Task to complete:
Exclude images, then output the remaining data verbatim.

Given information:
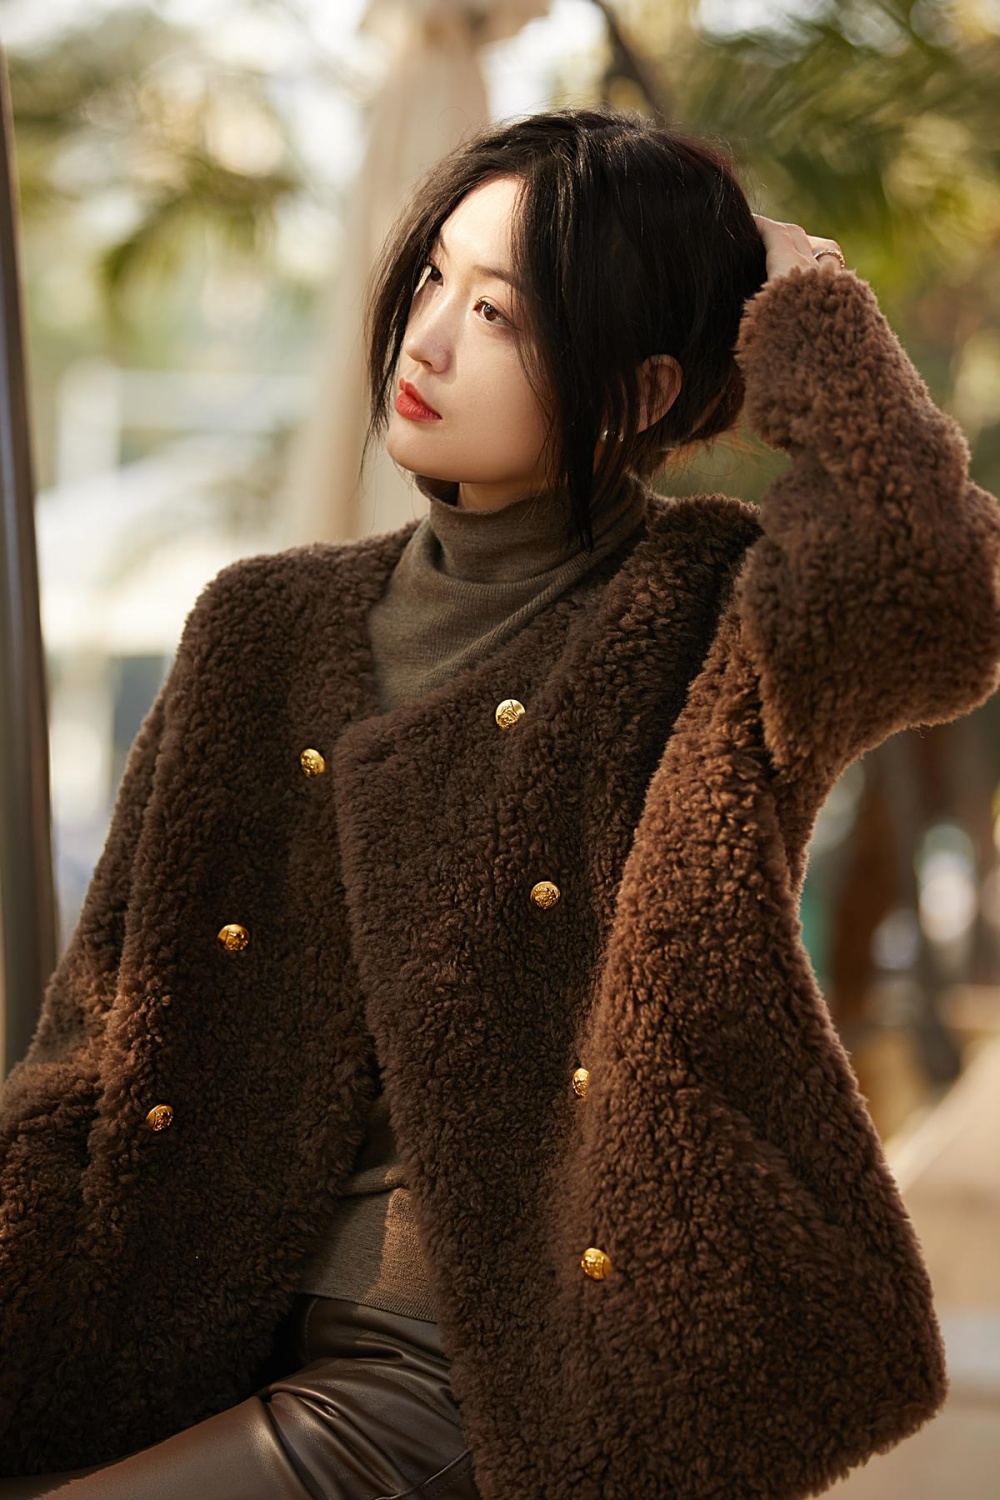 Autumn and winter wool lambs wool thermal coat
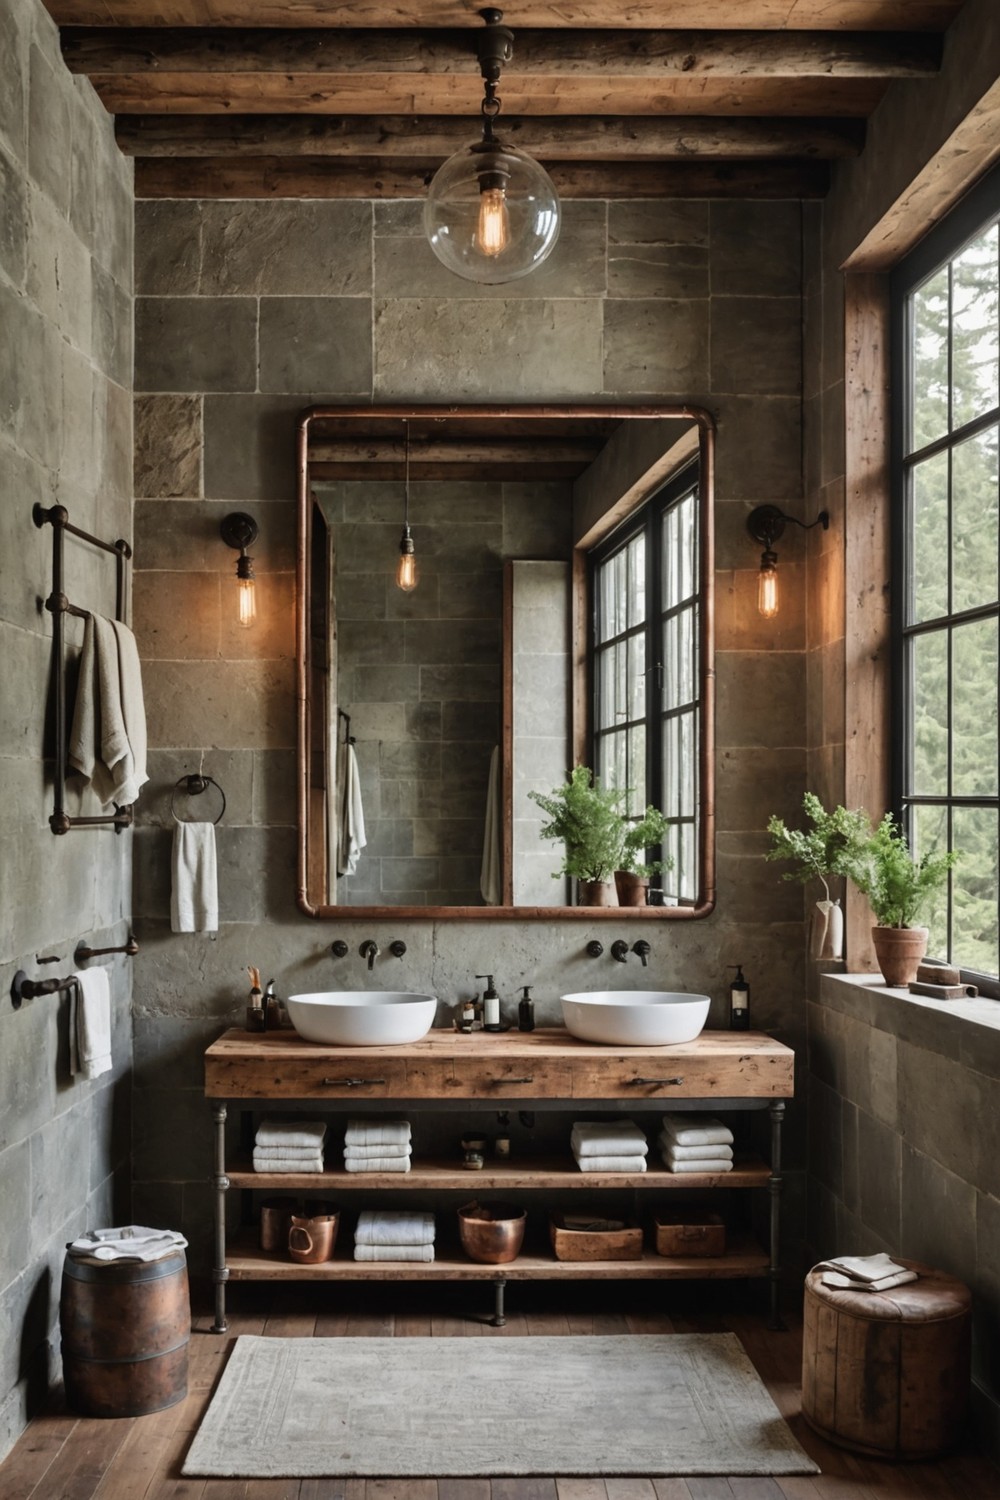 Rustic Industrial Bathroom Designs with Exposed Pipes
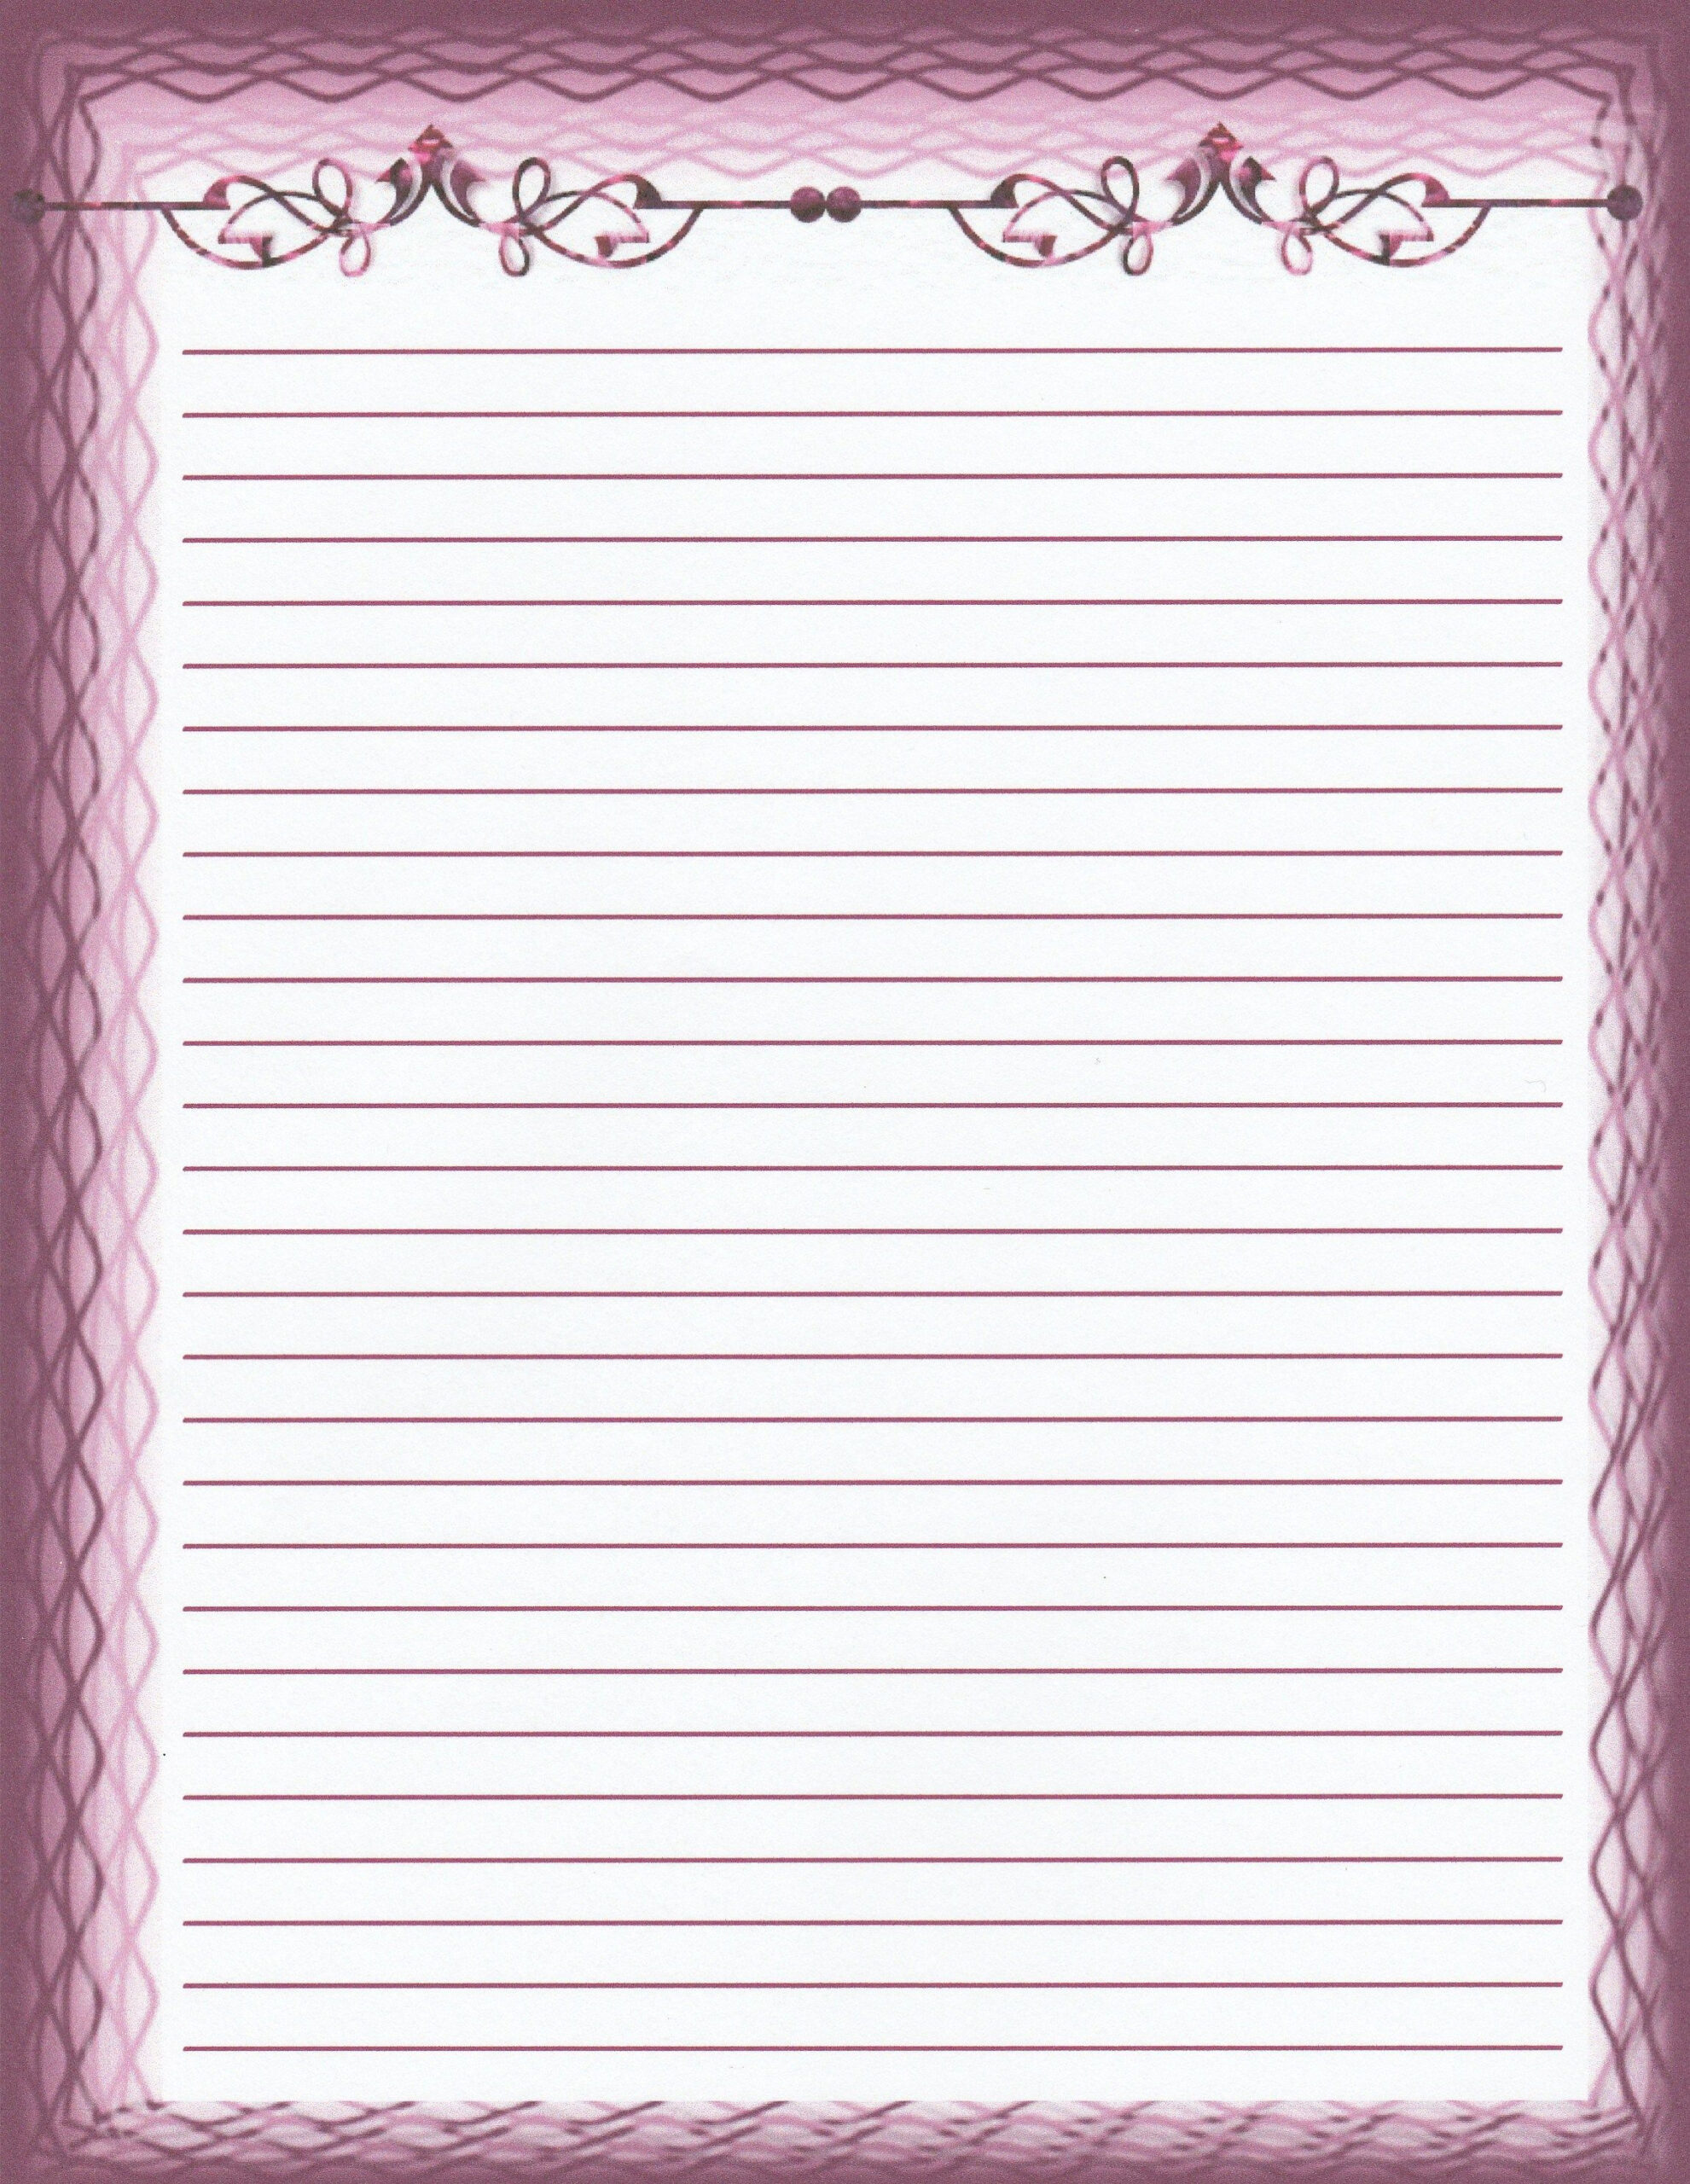 Lined Stationery Paper Printable

Result of this task:
 Autumn and winter wool lambs wool thermal coat
 Rustic Industrial Bathroom Designs with Exposed Pipes
 Lined Stationery Paper Printable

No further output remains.